There are two more niche options if you want to grab some intermediate data in the pipeline for whatever reason. You can either have the output be the sam file that is only the "best" UMI read or you can get out a list of the construct the "valid" UMI read belongs to and what cell (the cell barcode) it is found in.

I am planning on changing the name of the function to something like analyseScStarrSeq or something similar.

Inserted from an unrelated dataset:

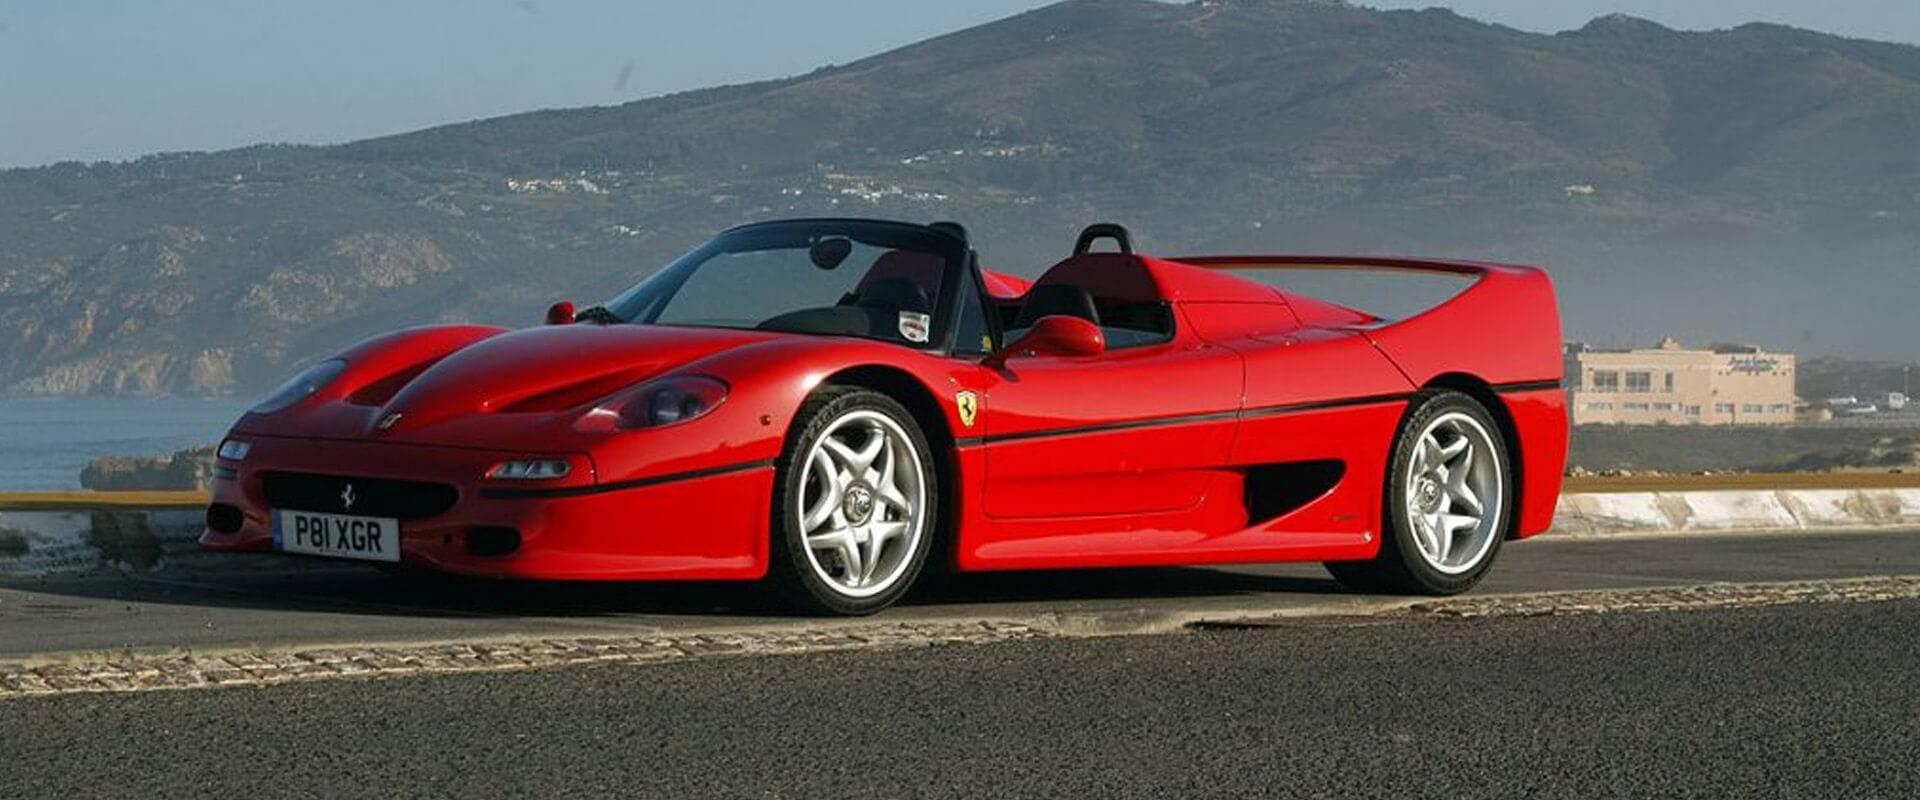 The Ferrari F50

Known issues currently. The testing input bam stores the extra flag values as uint8 (because I created the source sam file in vim) but actual bam files store the extra flag values as int32. Tests will fail unless you manually edit the bit variable declaration to uint8, however it works with real data as is. The other test that is currently failing is the sam out. The correct reads are being kept but for some reason one of the extra tags is missing. Not sure whats going on but I am looking into it. EDIT I looked into the missing tag issue. I think the particular tag that is missing has an incompatibility with the tag.go code. Hard to explain to here but I'm happy to chat more about it.

Last thing: like I said there is nothing crazy conceptual but I was worried that the program looks confusing and convoluted especially the single-cell function. I tried to extensively use comments to let y'all know what is going on, but let me know if anything is unclear or if there is anything I can do to make my code more clear.

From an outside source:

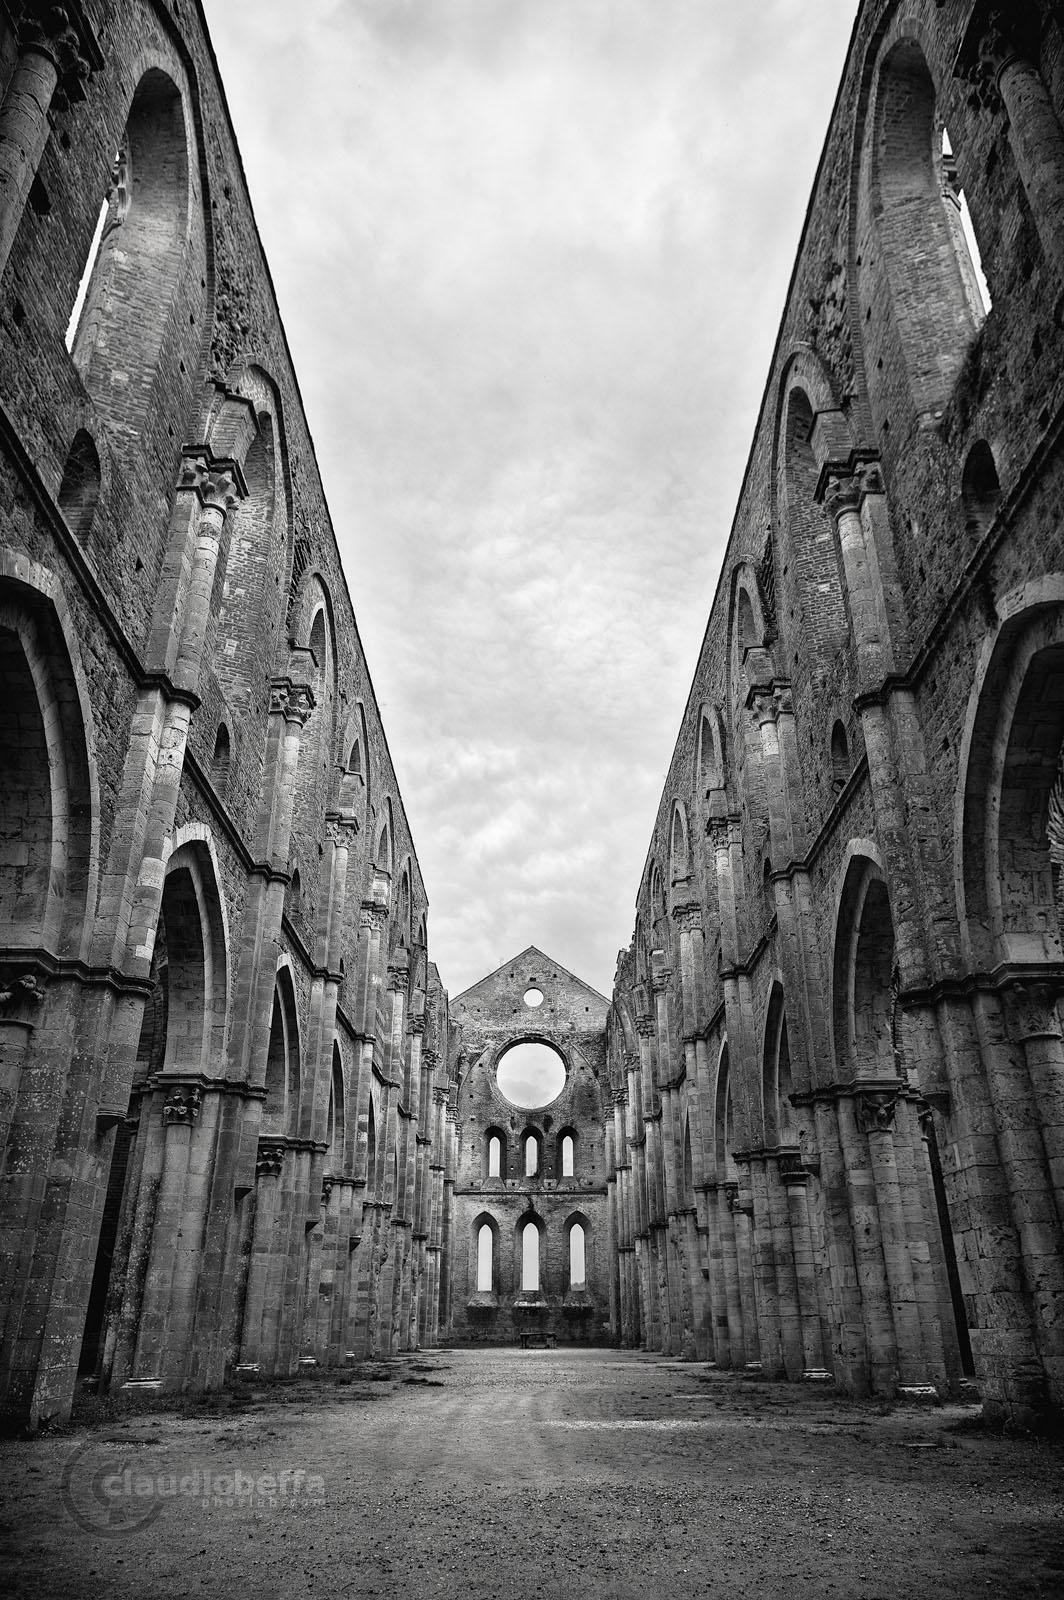 San Galgano, Abbey, Nave, Windows, Layers, Light, Shadows, Capitals, Arches, Ruin, Tuscany, Italy, Nature, History, Architecture, Symmetry

The other important thing to note, which is maybe relevant context for this PR, is that this analysis method I believe work well for STARR-seq libraries where all constructs are dissimilar in sequence (ie: NOT different GWAS alleles or different species versions of the same sequence). Basically, only use this for constructs were you don't have to use barcodes. Cellranger count won't incorrectly map reads between similar constructs, but if there are ambiguously mapping reads they won't be counted. Therefore, constructs with more segregating SNPs, it will be easier to map reads to that construct, inflating their values. For these type libraries, it is probably best to use samFilter.go to filter the bam and collapse UMI, then use scCount.go with a custom gtf targeting barcodes.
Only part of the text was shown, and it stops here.